With the delimiter method of the field extractor you can:

  • Identify a delimiter to extract all of the fields in an event.
  • Rename specific fields as appropriate.
  • Validate extraction results.

The field extractor can only build search time field extractions that are associated with specific sources or source types in your data (no hosts).

For more information about using the field extractor, see Build field extractions with the field extractor.

Define field extractions with the Field extractions and Field transformations pages

You can use the Field extractions and Field transformations pages in Settings to define and maintain complex extracted fields in Splunk Web.

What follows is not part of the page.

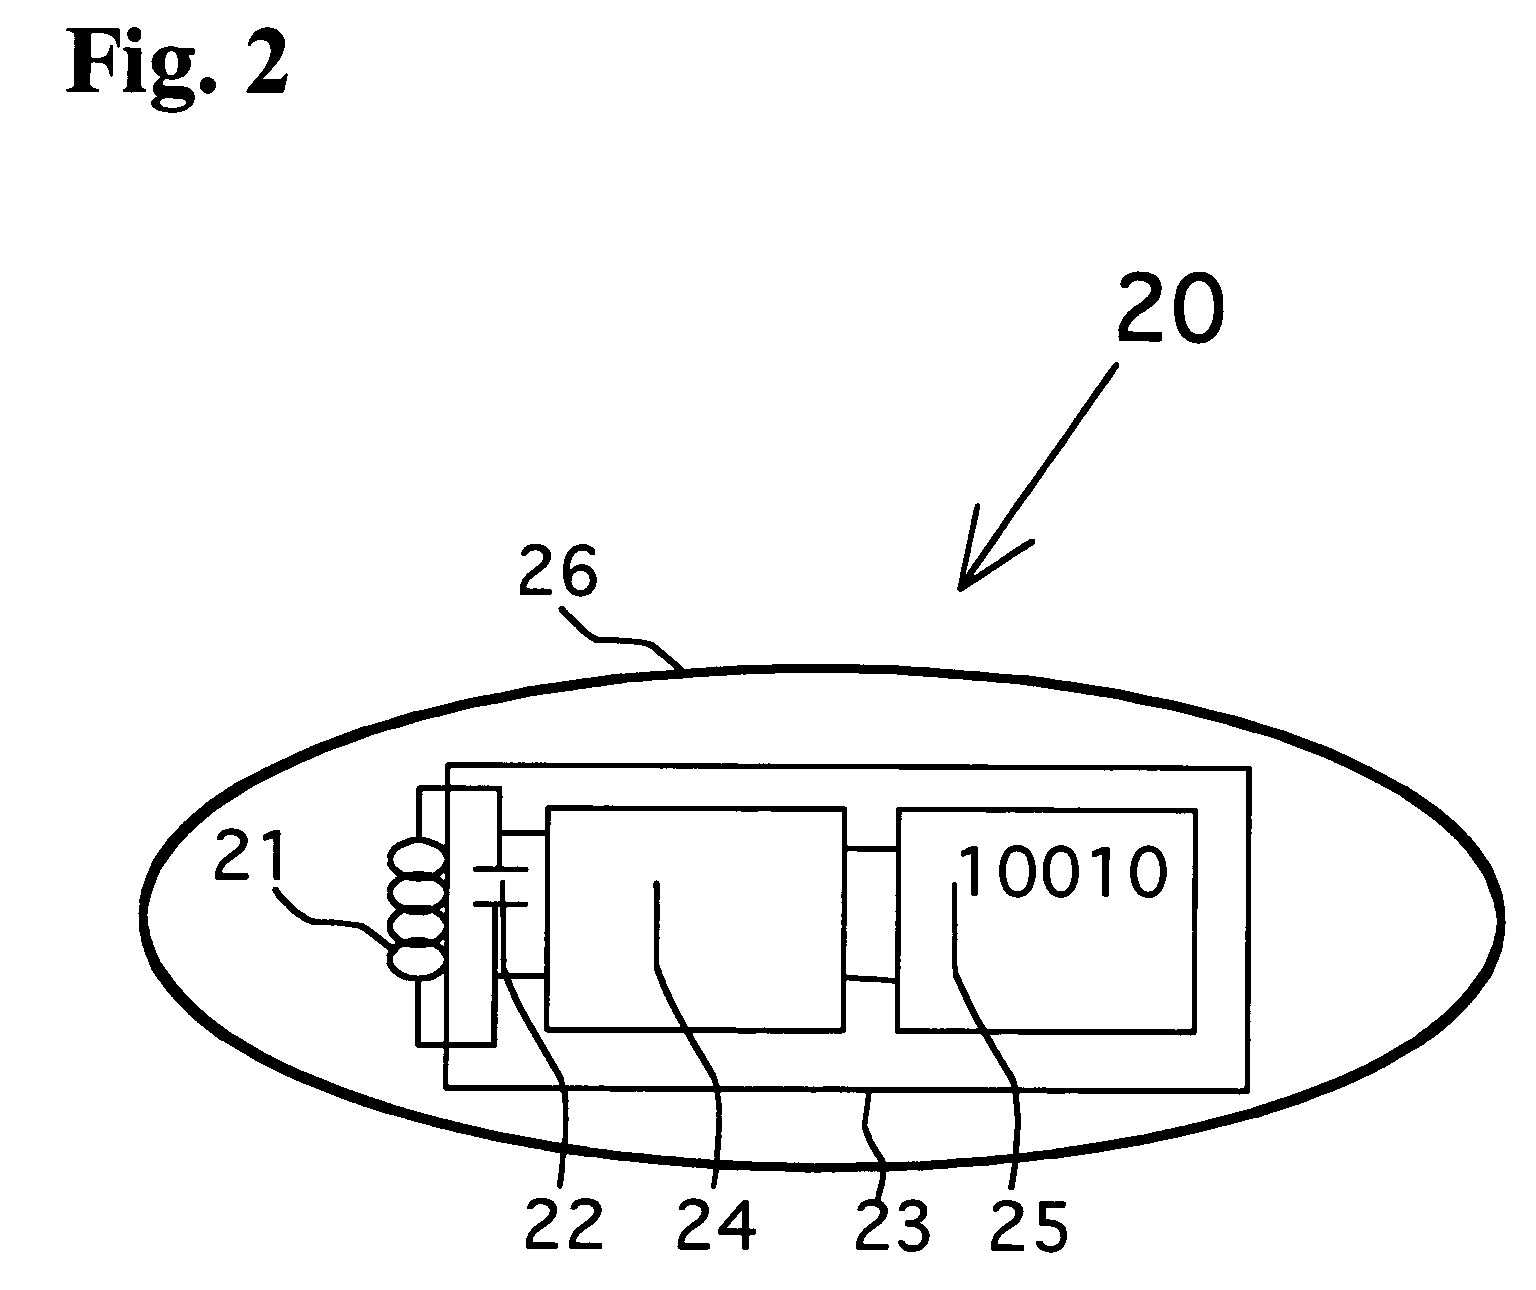 Surgical implement detector utilizing a radio-frequency identification marker

This method of field extraction creation lets you create a wider range of field extractions than you can generate with the field extractor utility. It requires that you have the following knowledge.

  • Understand how to design regular expressions.
  • Have a basic understanding of how field extractions are configured in props.conf and transforms.conf.

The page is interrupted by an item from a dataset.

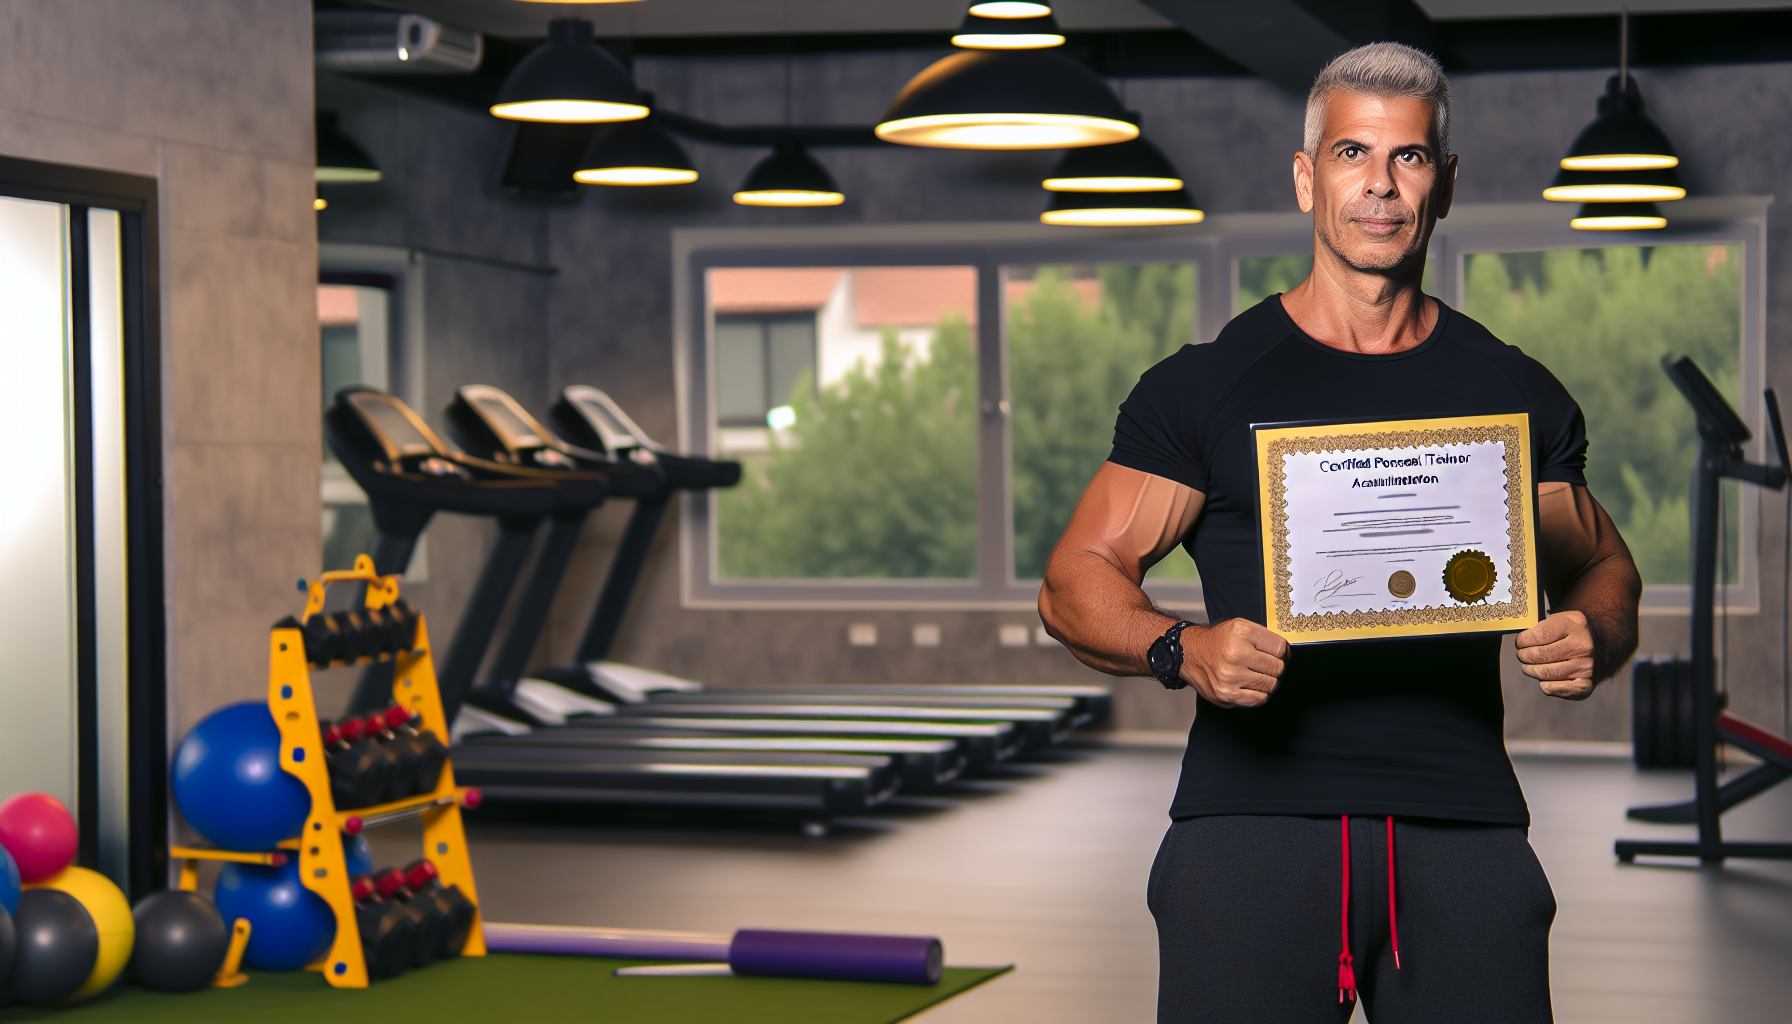 Certified personal trainer with accreditation certificate

If you create a custom field extraction that extracts its fields from _raw and does not require a field transform, use the field extractor utility. The field extractor can generate regular expressions, and it can give you feedback about the accuracy of your field extractions as you define them.

Use the Field Extractions page to create basic field extractions, or use it in conjunction with the Field Transformations page to define field extraction configurations that can do the following things.

  • Reuse the same regular expression across multiple sources, source types, or hosts.
  • Apply multiple regular expressions to the same source, source type, or host.
  • Use a regular expression to extract fields from the values of another field.

The Field extractions and Field transformations pages define only search time field extractions.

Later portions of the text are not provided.